#### THE TASK
Once the pictures are set aside, transcribe the remaining data exactly.

#### DATASET EXCERPT
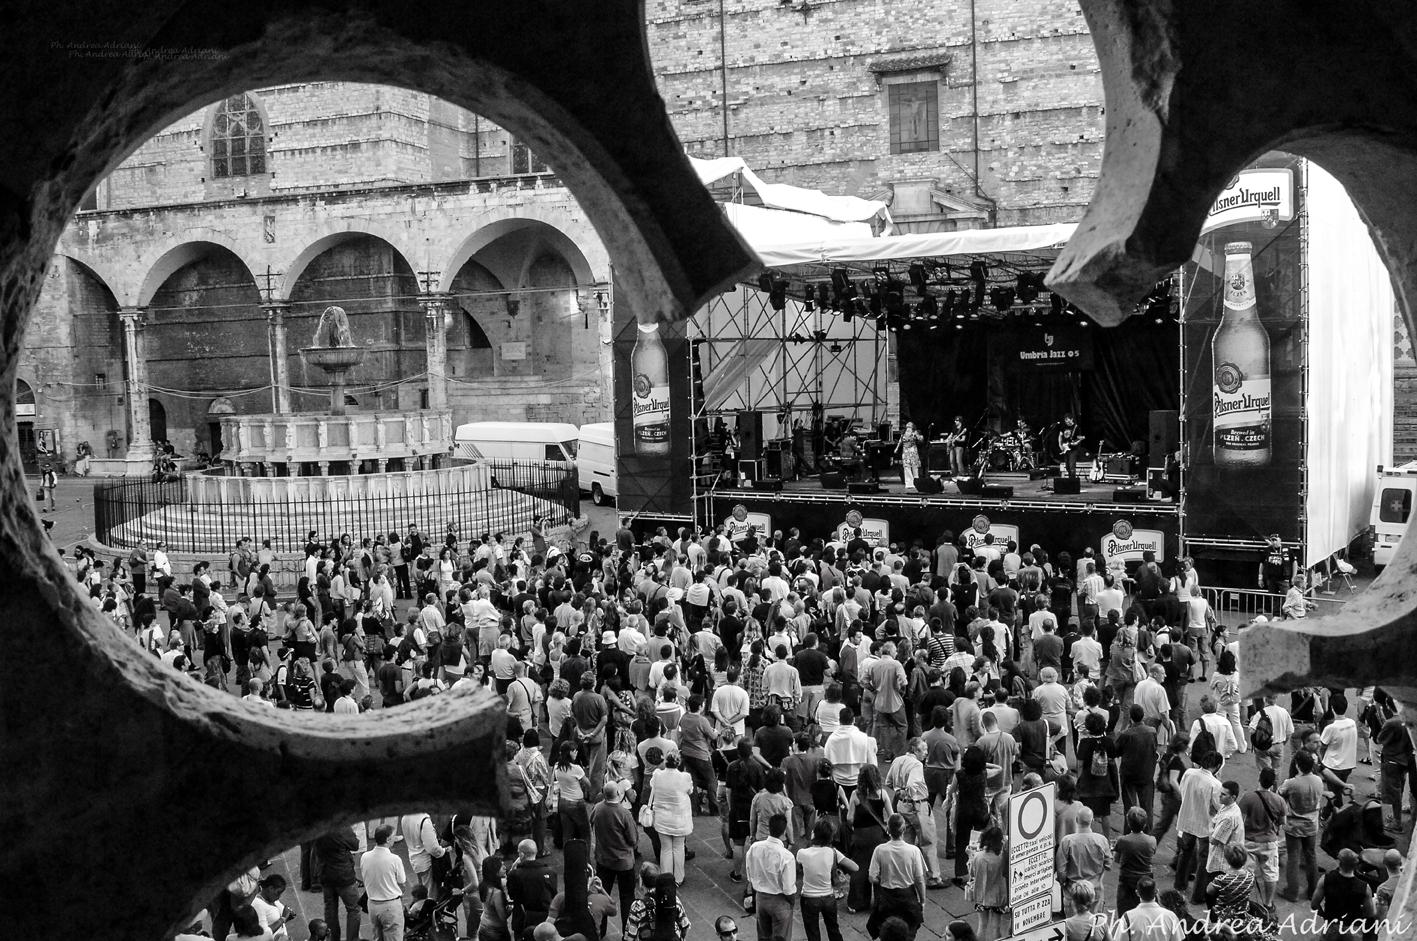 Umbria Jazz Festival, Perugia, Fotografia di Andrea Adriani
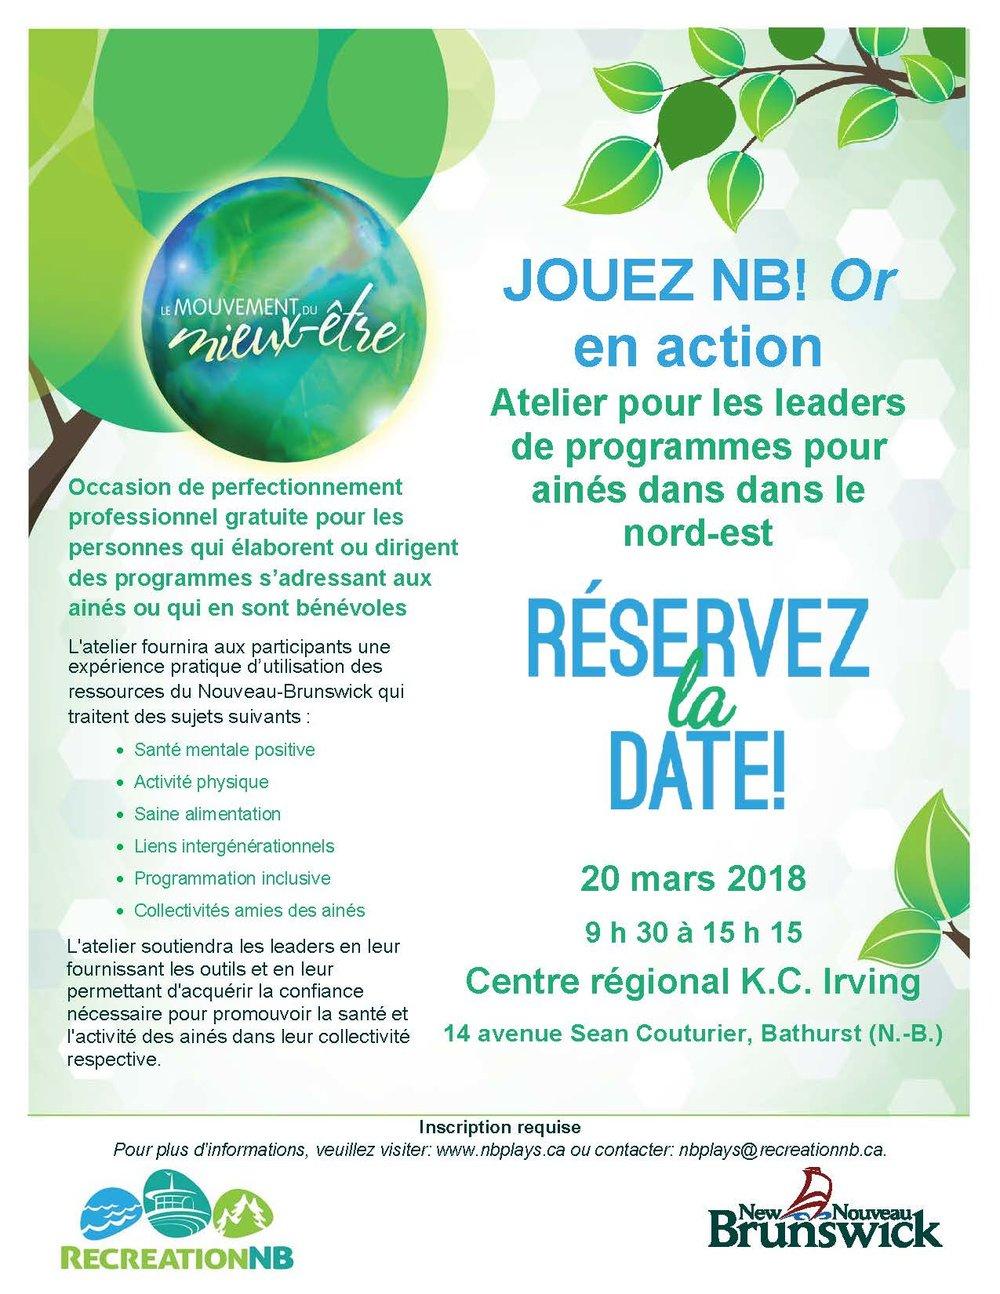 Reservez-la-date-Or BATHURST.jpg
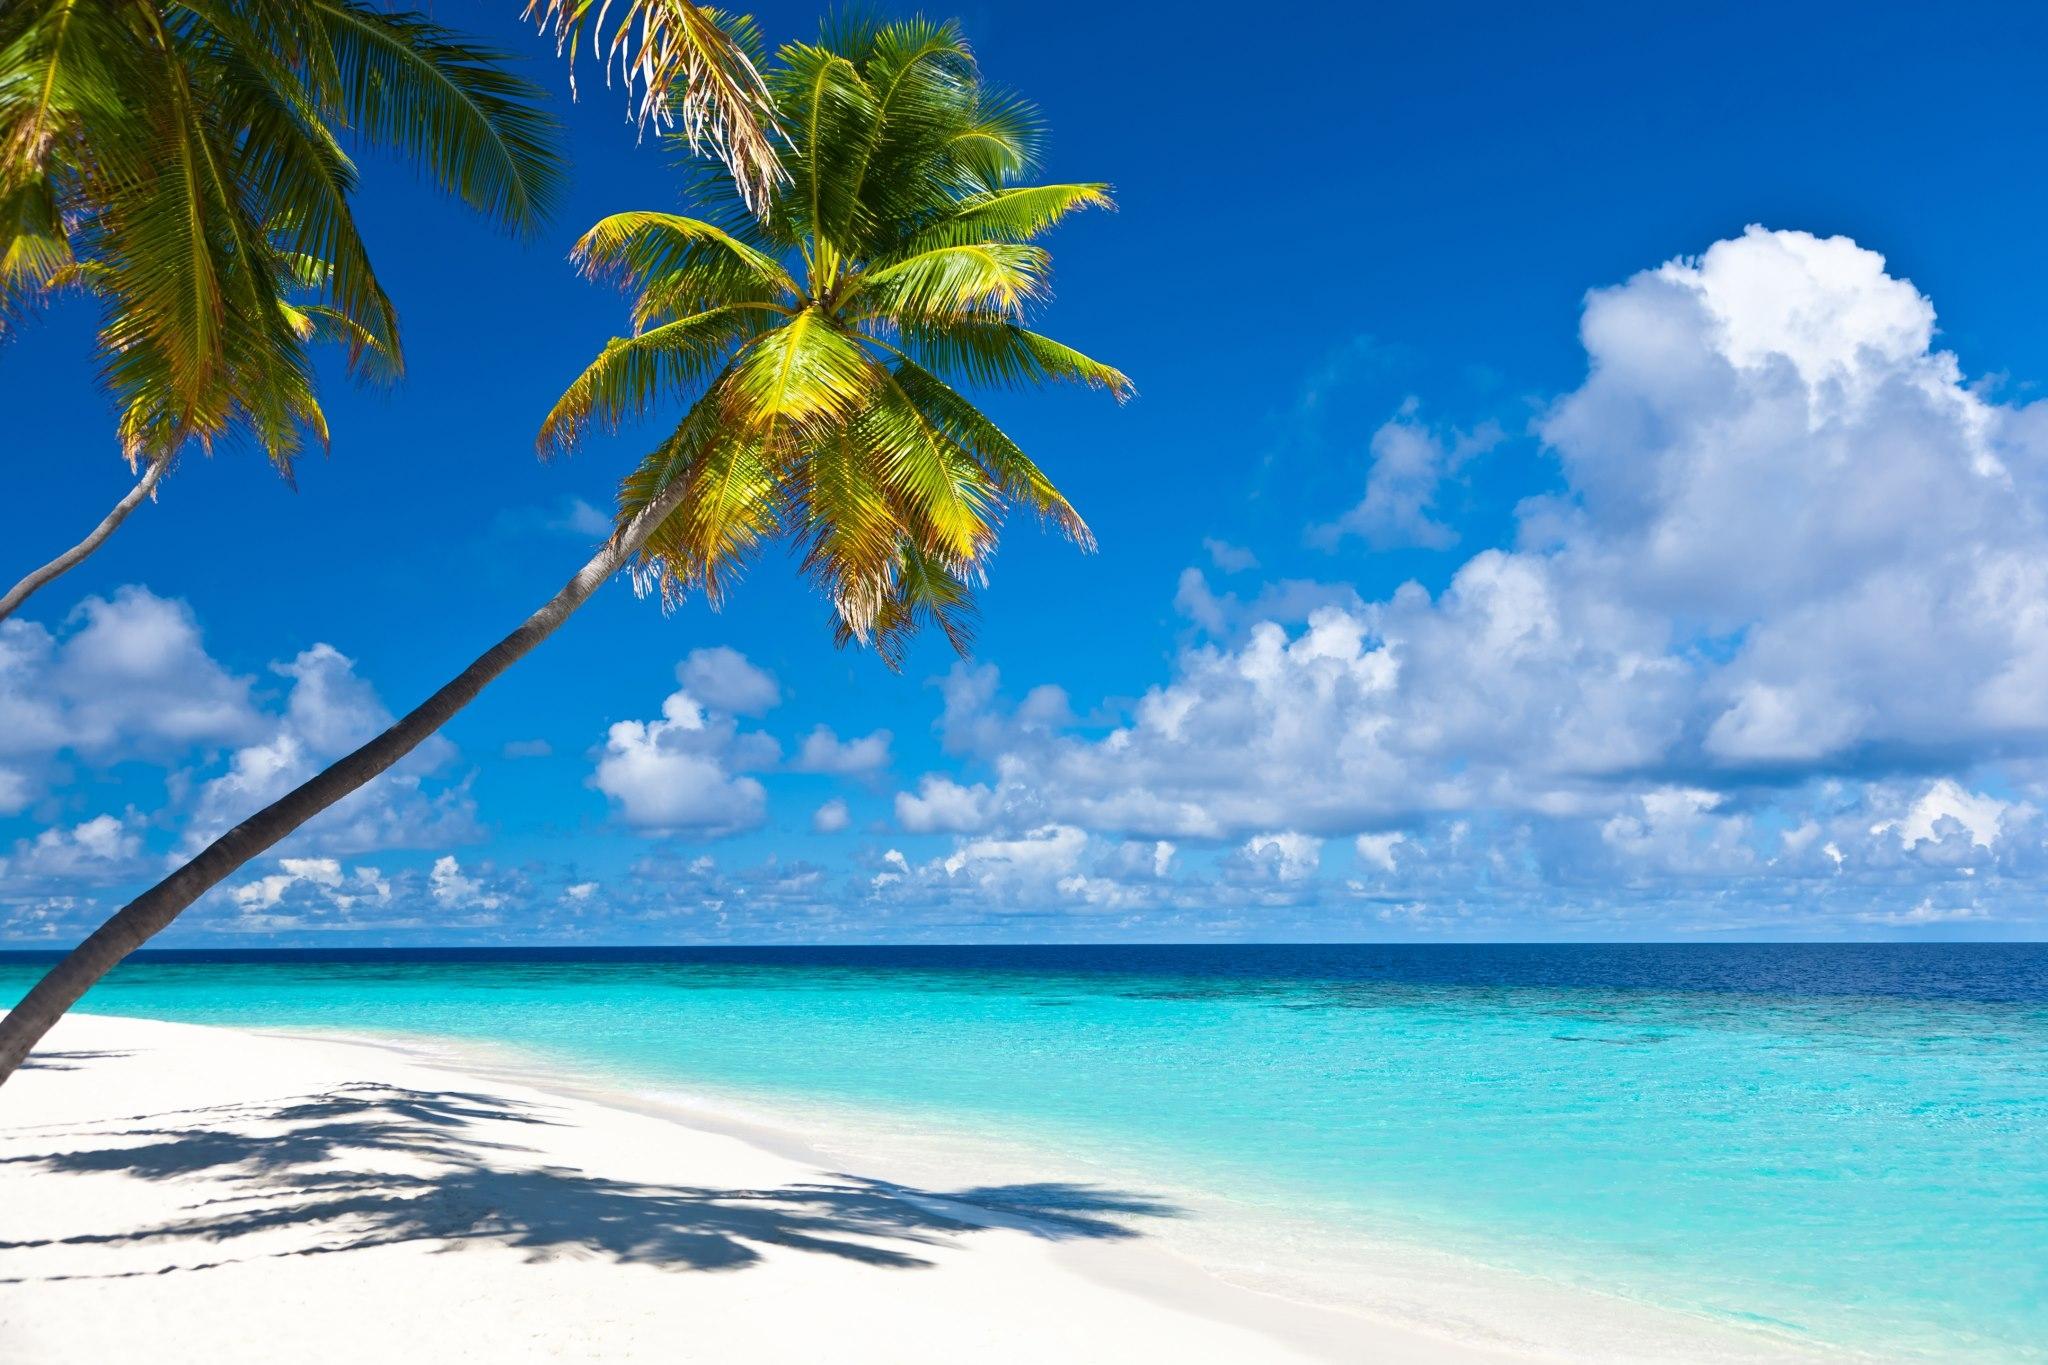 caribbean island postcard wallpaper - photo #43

#### EXERCISE SOLUTION
 Umbria Jazz Festival, Perugia, Fotografia di Andrea Adriani
 Reservez-la-date-Or BATHURST.jpg
 caribbean island postcard wallpaper - photo #43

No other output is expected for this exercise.